Re: Player's Edition Episode 30: Blame Canada
Chad wrote:
North Wind wrote:
I liked the "what motivates this kind of player" discussion. You could maybe explore that more in future episodes.
That's one of my favorite RPG stumps, I could totally do a whole episode about it.
I'd really like to hear that.
That was one of two parts of the episode where I disagreed hardly with you. Not with the idea that we need to help players scratch itches, but you said that the player was doing it "wrong." I don't think there is such a thing as wrong in an RPG. Nor do I think it is power gaming to create a characters 1-20 path. It gives the player an outline for the story he wants his character to have. He and the GM then fill in the details during play.
That btw is not why I want to hear the discussion, I just wanted to bring it up.

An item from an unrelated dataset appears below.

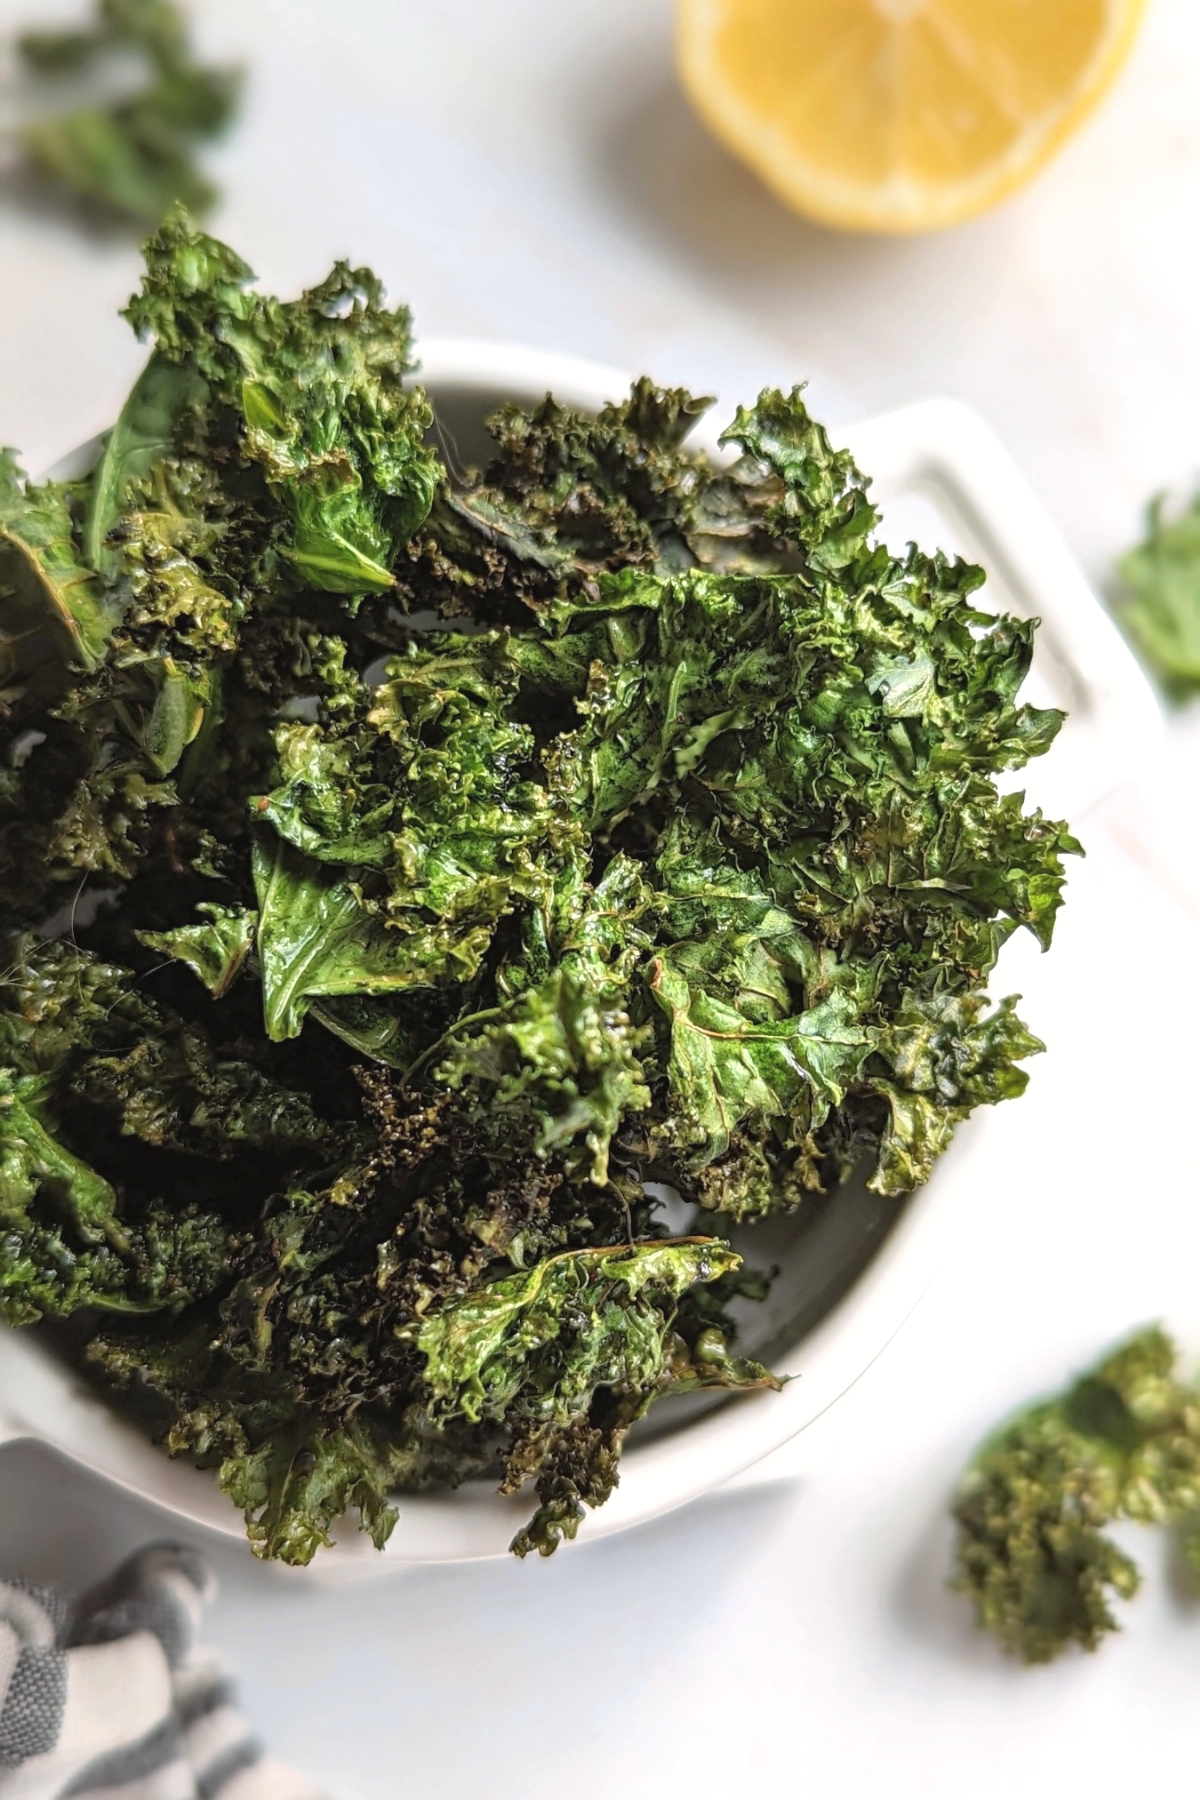 air fry kale chips recipe healthy snacks with kale easy air fryer snack recipes with vegetables spices and oil kale recipes for kids.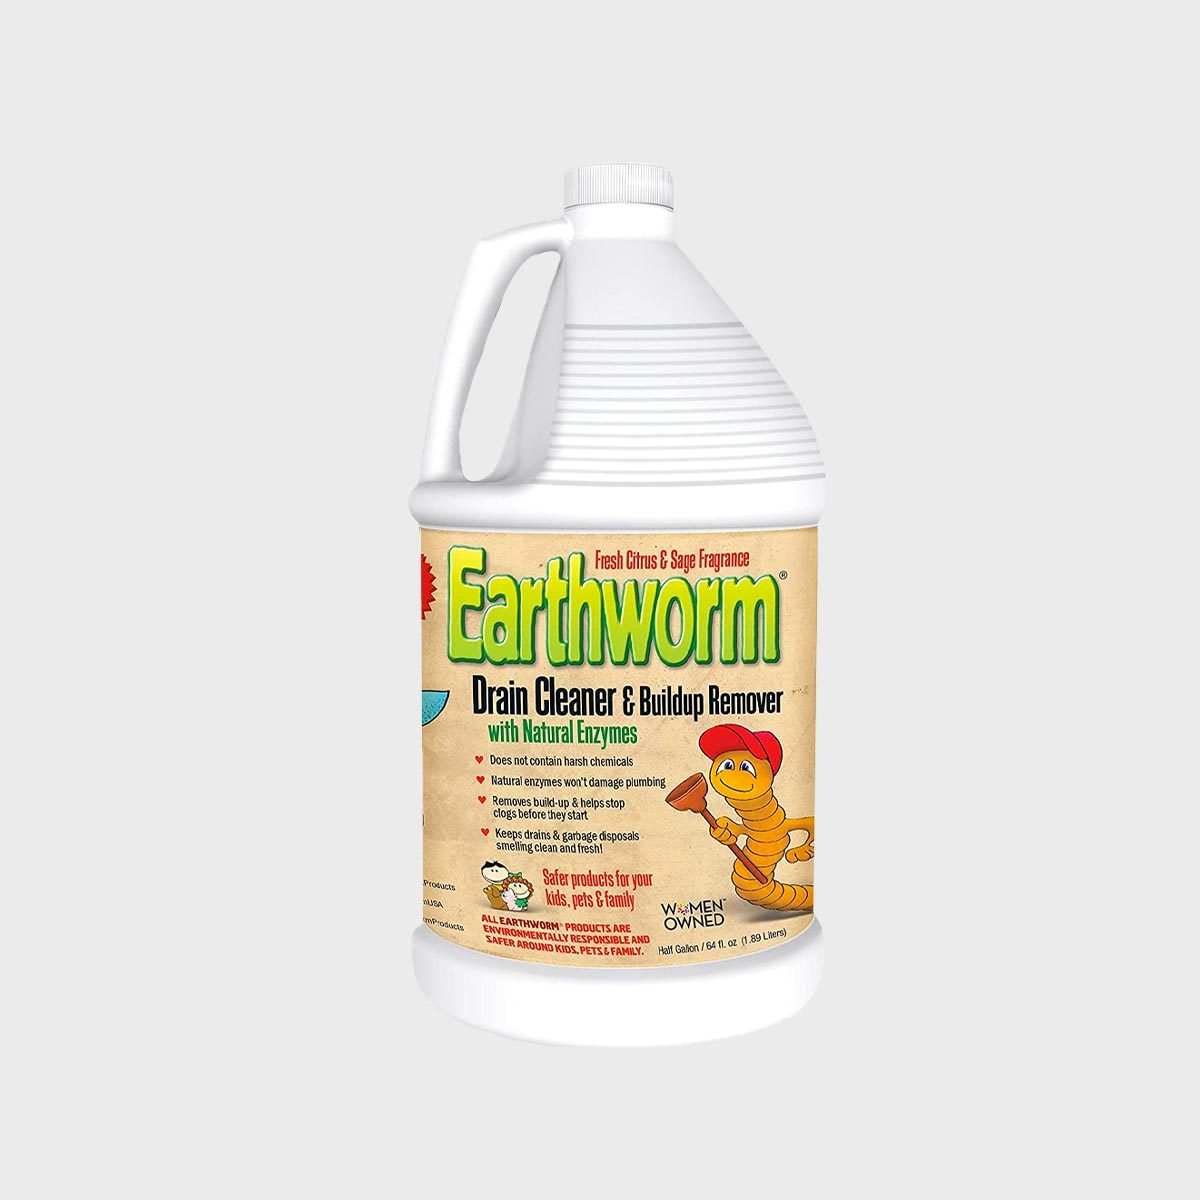 https://www.rd.com/wp-content/uploads/2021/11/Earthworm-Drain-Cleaner-and-Buildup-Remover-ecomm.jpg?fit=700%2C700

The other point was that a book full of combat meant combat was the point of the game. I had a whole argument lined up for this, but by the time I was done I had convinced myself you were right, at least about pathfinder. The point, that I still think might apply, is that combat is the most deserving of a large section. The main reason is that combat has the most immediate and often final consequences. If you fuck up in combat, your dead or at least badly injured. So you want a robust rules system so everyone thinks it's fair.
Something that I think might factor is that combat has discrete actions in a way social conflict might not. For example, A punch, thrust, 3 round burst, and chokehold are all actions that are easy to observe and separate. I feel like conversation has less of that, though it may simply be more obscured. We could define things like, laugh, smile, joke, disagree, shout, gesture, quote, ect as actions, but they aren't as separable as the above physical ones. As such defining their roles discretely may not make much sense.
What besides combat would you like to see fill a book?